Start of Available data

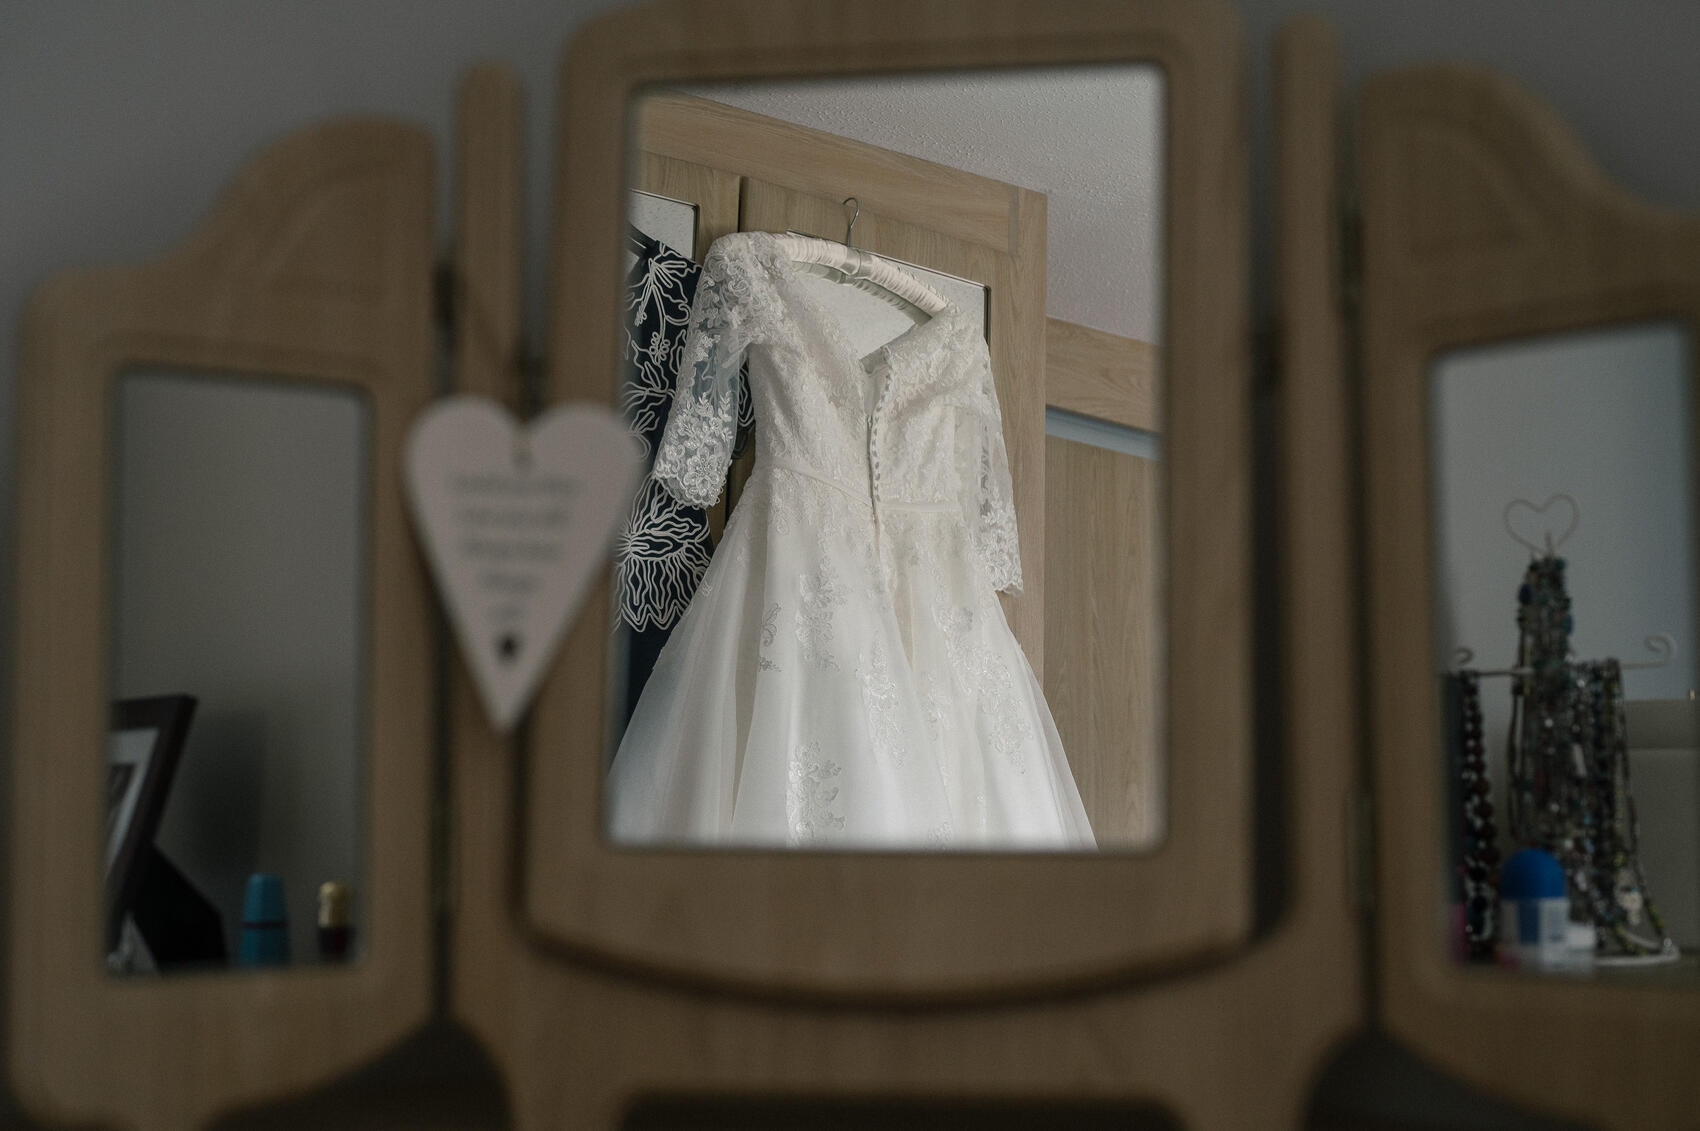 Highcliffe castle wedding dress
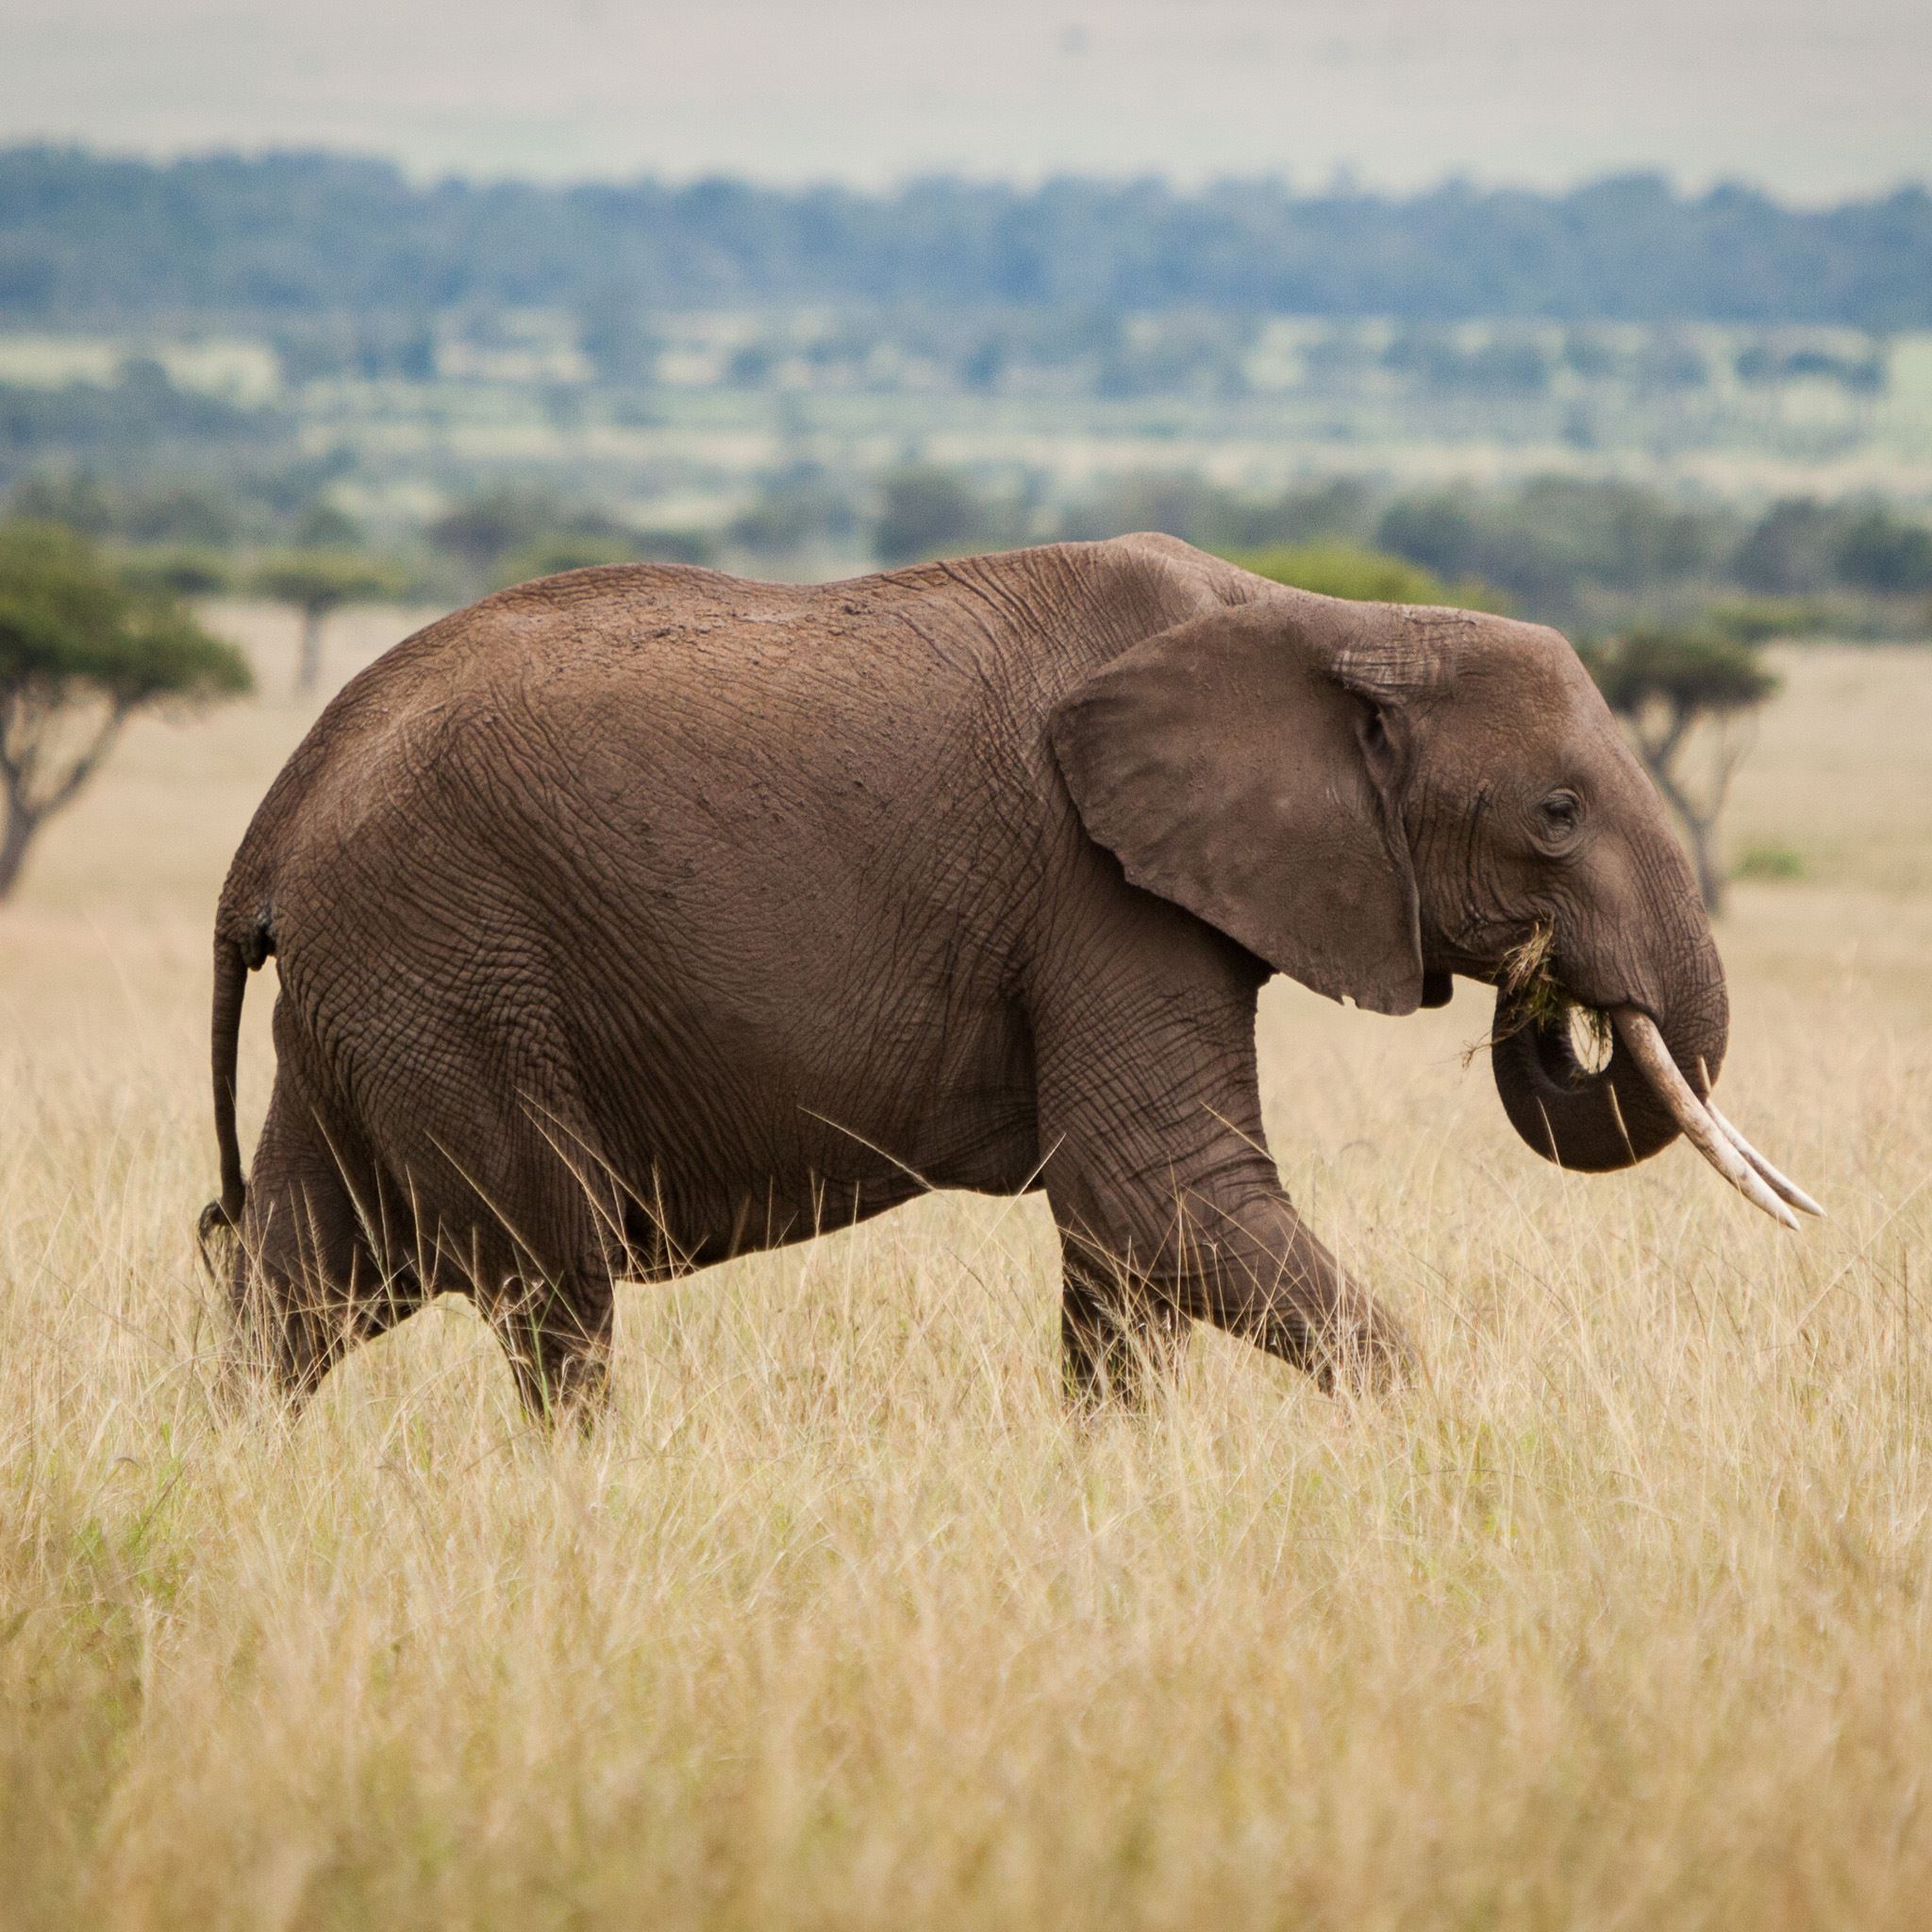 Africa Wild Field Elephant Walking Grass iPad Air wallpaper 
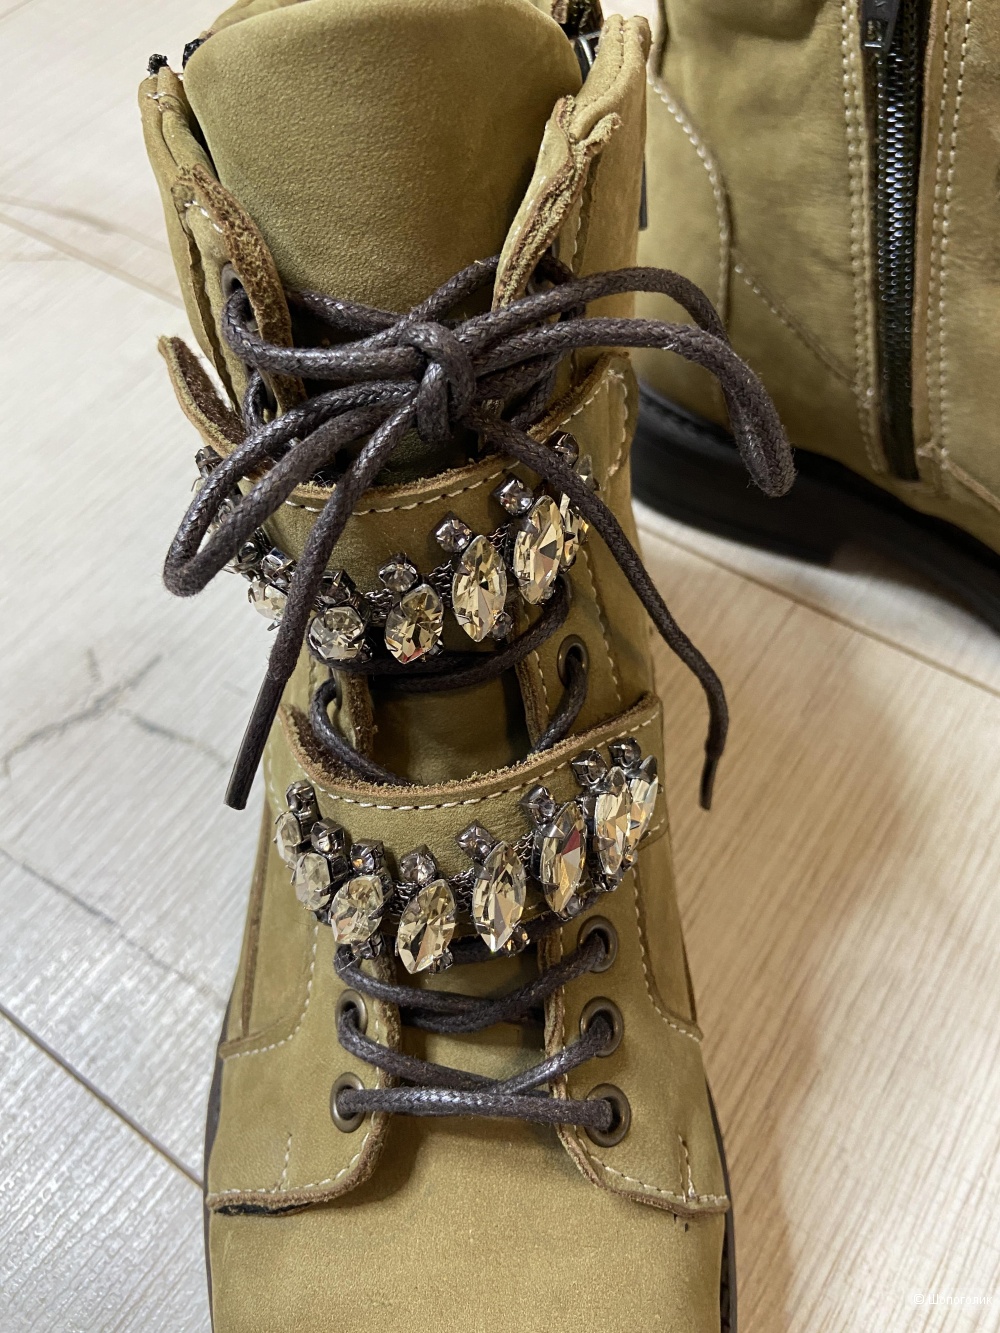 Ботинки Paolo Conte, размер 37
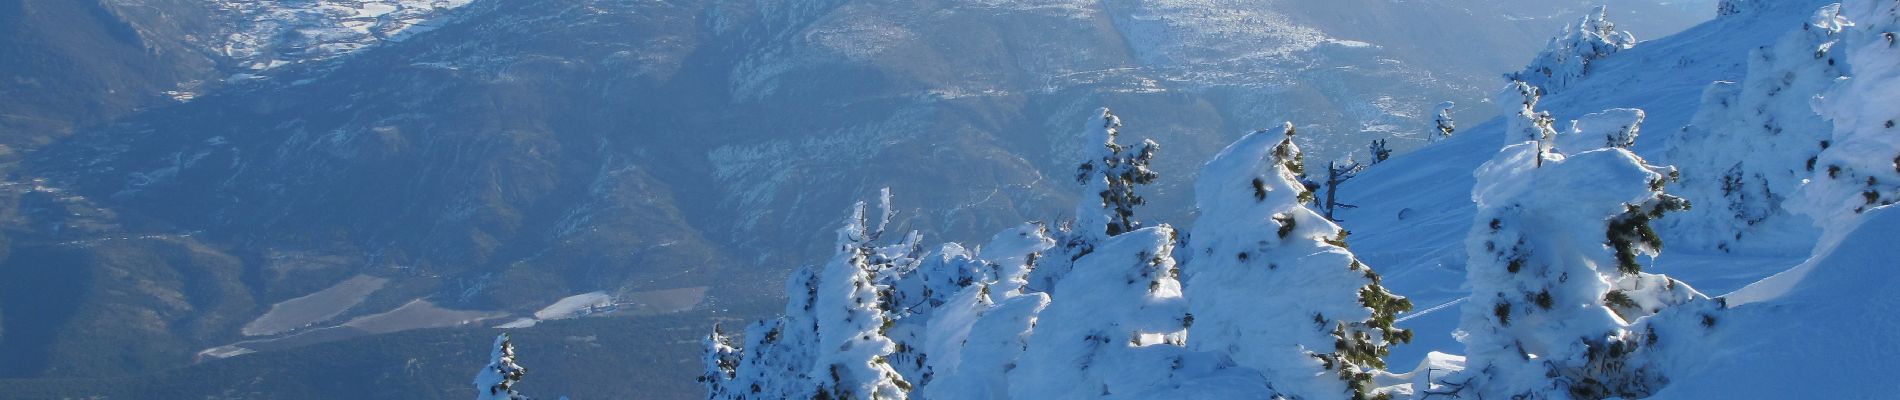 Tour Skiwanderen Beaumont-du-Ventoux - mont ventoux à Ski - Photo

End of Available data

▶ _About this exercise_
Pictures stay out of the copy; print the material above exactly.

▶ _Response area_
 Highcliffe castle wedding dress
 Africa Wild Field Elephant Walking Grass iPad Air wallpaper 
 Ботинки Paolo Conte, размер 37
 Tour Skiwanderen Beaumont-du-Ventoux - mont ventoux à Ski - Photo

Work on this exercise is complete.